The B200 has compute capability 10.0 and requires CUDA 12.8 or later for full hardware enablement. The earliest production deliveries in late 2024 used CUDA 12.4 with experimental FP4 support; full FP4 production support landed with CUDA 12.8 in early 2025. The primary software components are TensorRT-LLM (with explicit B200 kernels for FP4 and FP6 GEMMs and NVIDIA QAT for FP4 quantization), the second-generation Transformer Engine integrated with PyTorch and JAX, NVIDIA NIM inference microservices with pre-packaged FP4-tuned containers, and NCCL 2.21 or later for collective operations over the 1.8 TB/s NVLink 5 fabric and the 130 TB/s NVL72 domain.
The B200's launch was the largest single generational leap in NVIDIA's datacenter roadmap to date, and it cemented the company's commercial dominance through the 2024 to 2026 frontier-model build-out. Even with the production delays of late 2024, B200 demand massively outstripped supply throughout 2025: Morgan Stanley reported in November 2024 that the entire 2025 production allocation had been sold to a small number of large buyers.
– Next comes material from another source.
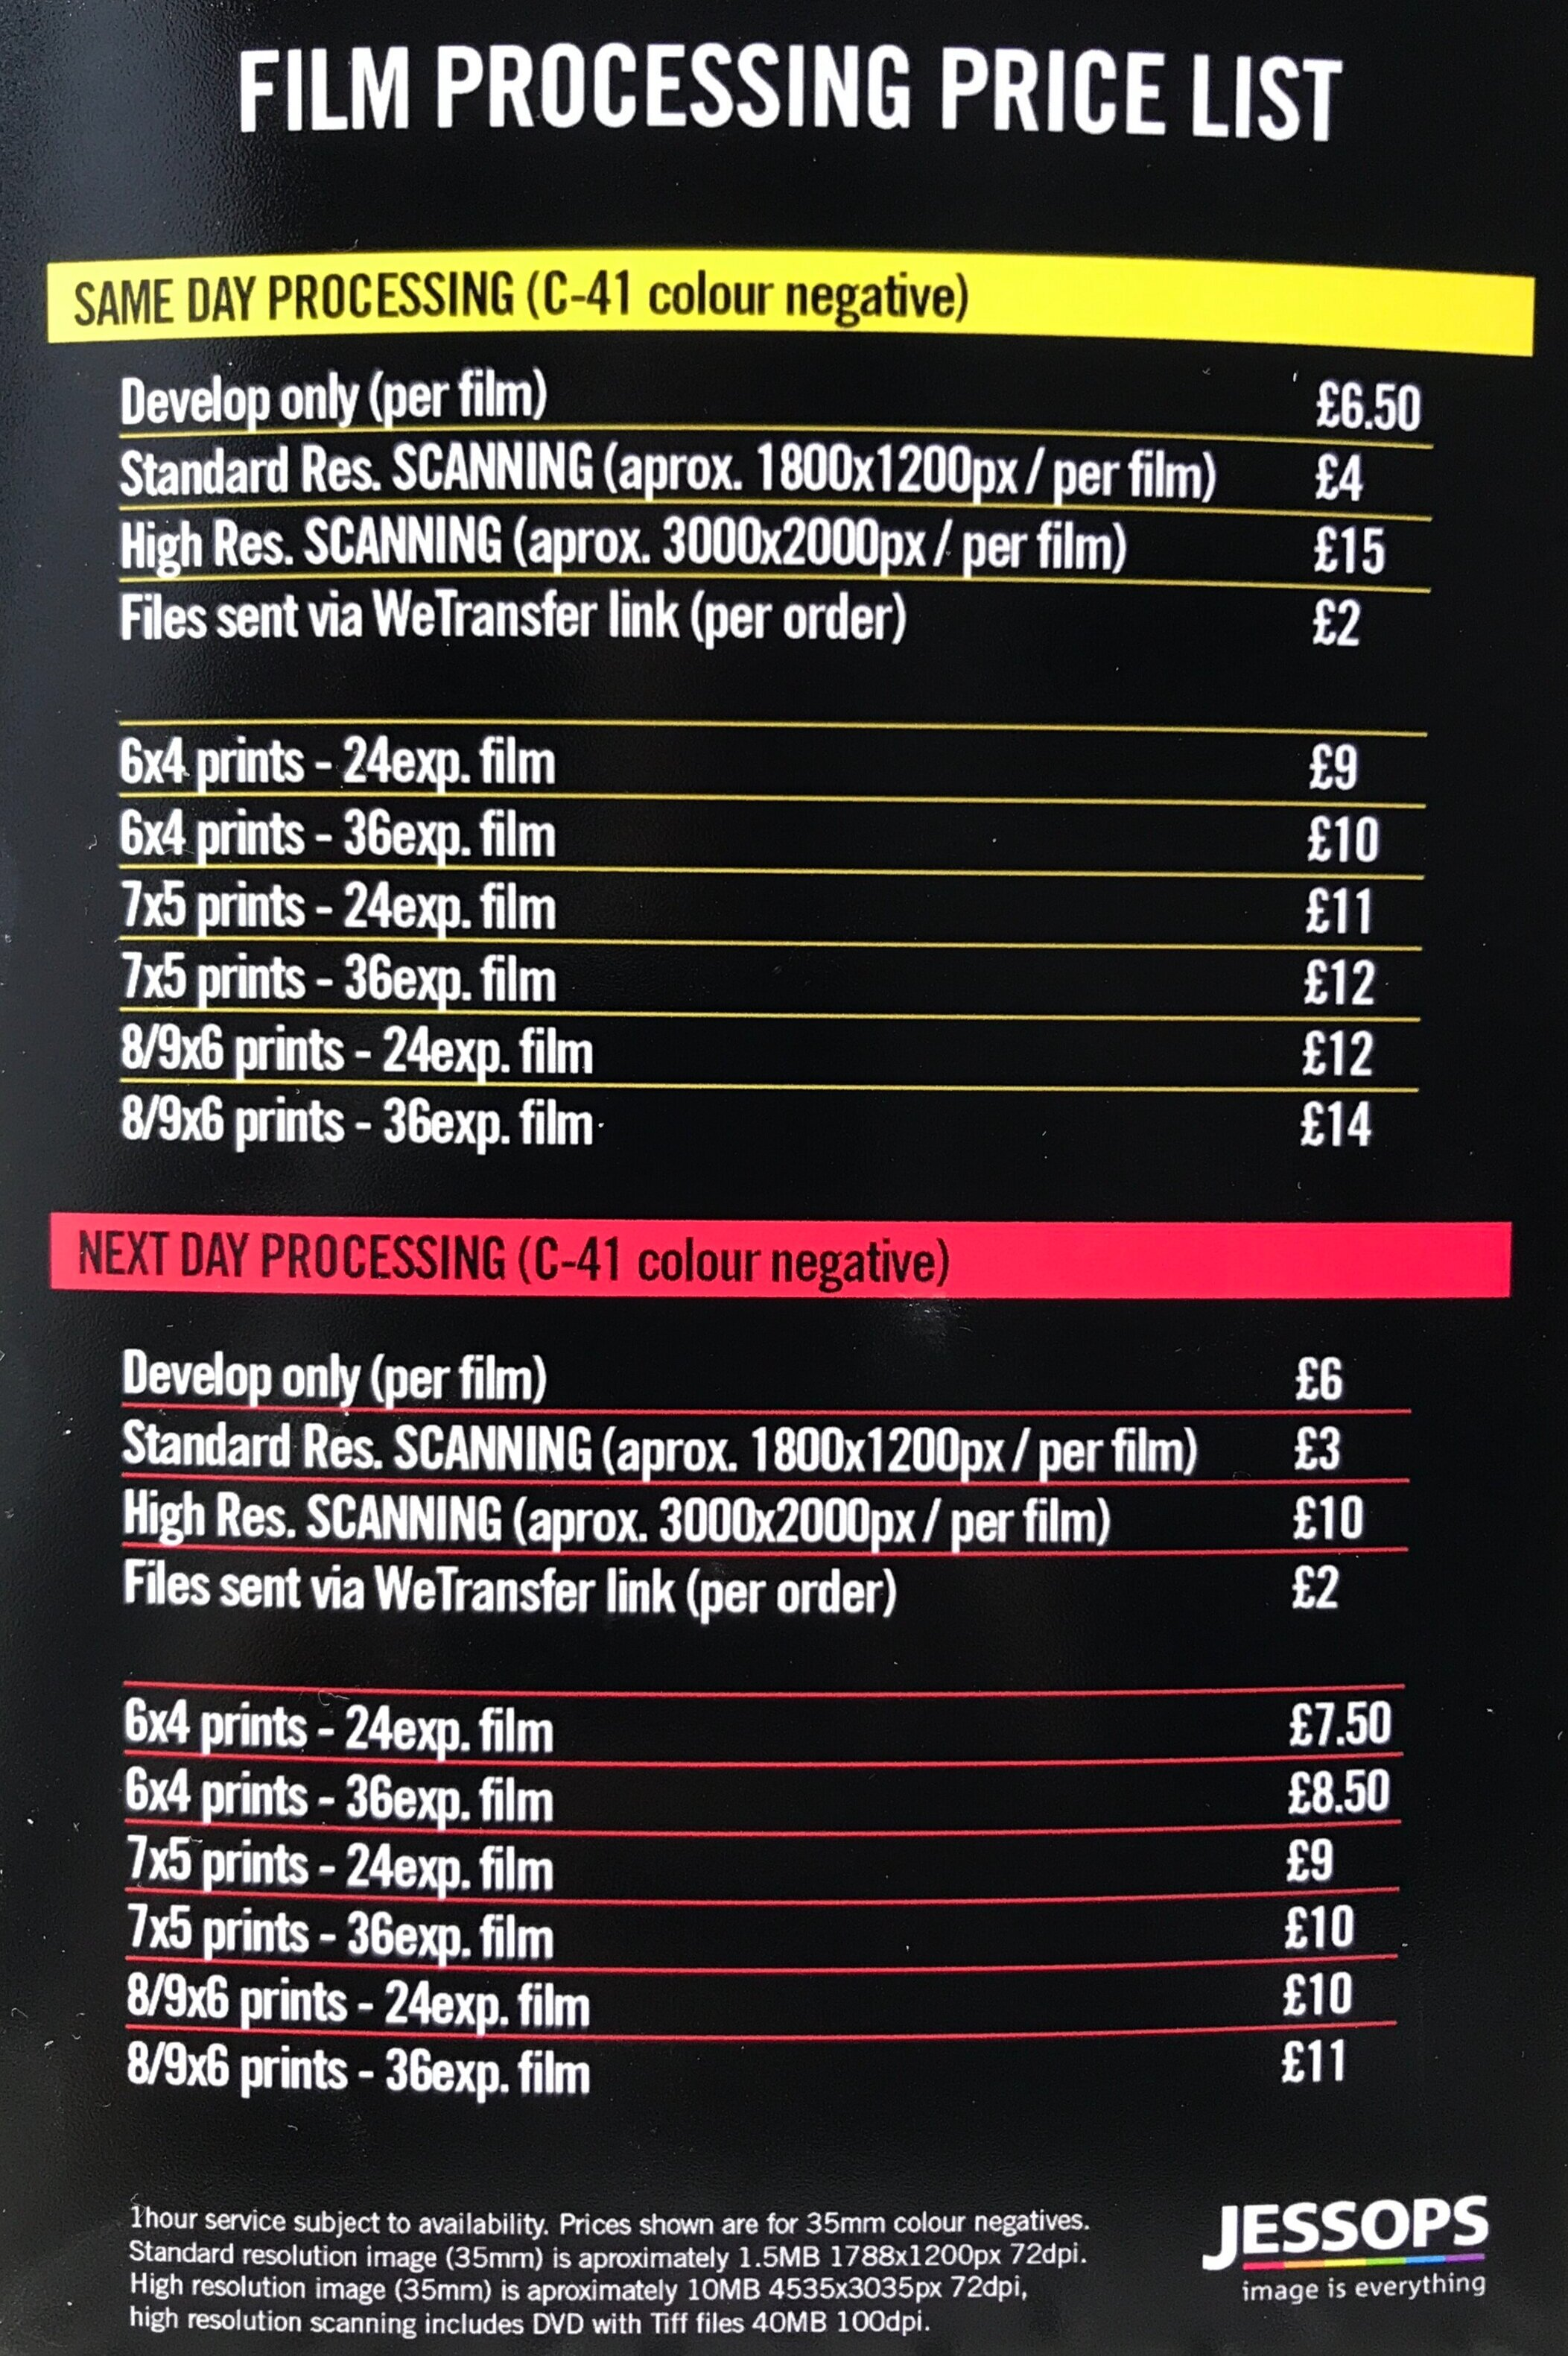 Jessops in-store film processing price list.

NVIDIA continued the Blackwell line at GTC 2025 with the B300 ("Blackwell Ultra"), which retains the 208 billion transistor dual-die package but increases enabled SM count, memory capacity (288 GB HBM3e), and TDP (1,400 W) for roughly 1.5x performance in rack-scale form factors. The B200 continues to ship in parallel for customers that prefer its lower thermal envelope. The Blackwell line is scheduled to be succeeded by the Vera Rubin platform, which began initial shipments in 2026 and uses a 3 nm process, HBM4 memory, and a new Vera Arm CPU. Even with Rubin in the field, the B200 is expected to remain in active production through 2026 and 2027 because of secondary cloud demand, regional sovereign-AI deployments, and the long tail of customers upgrading from H100 and H200.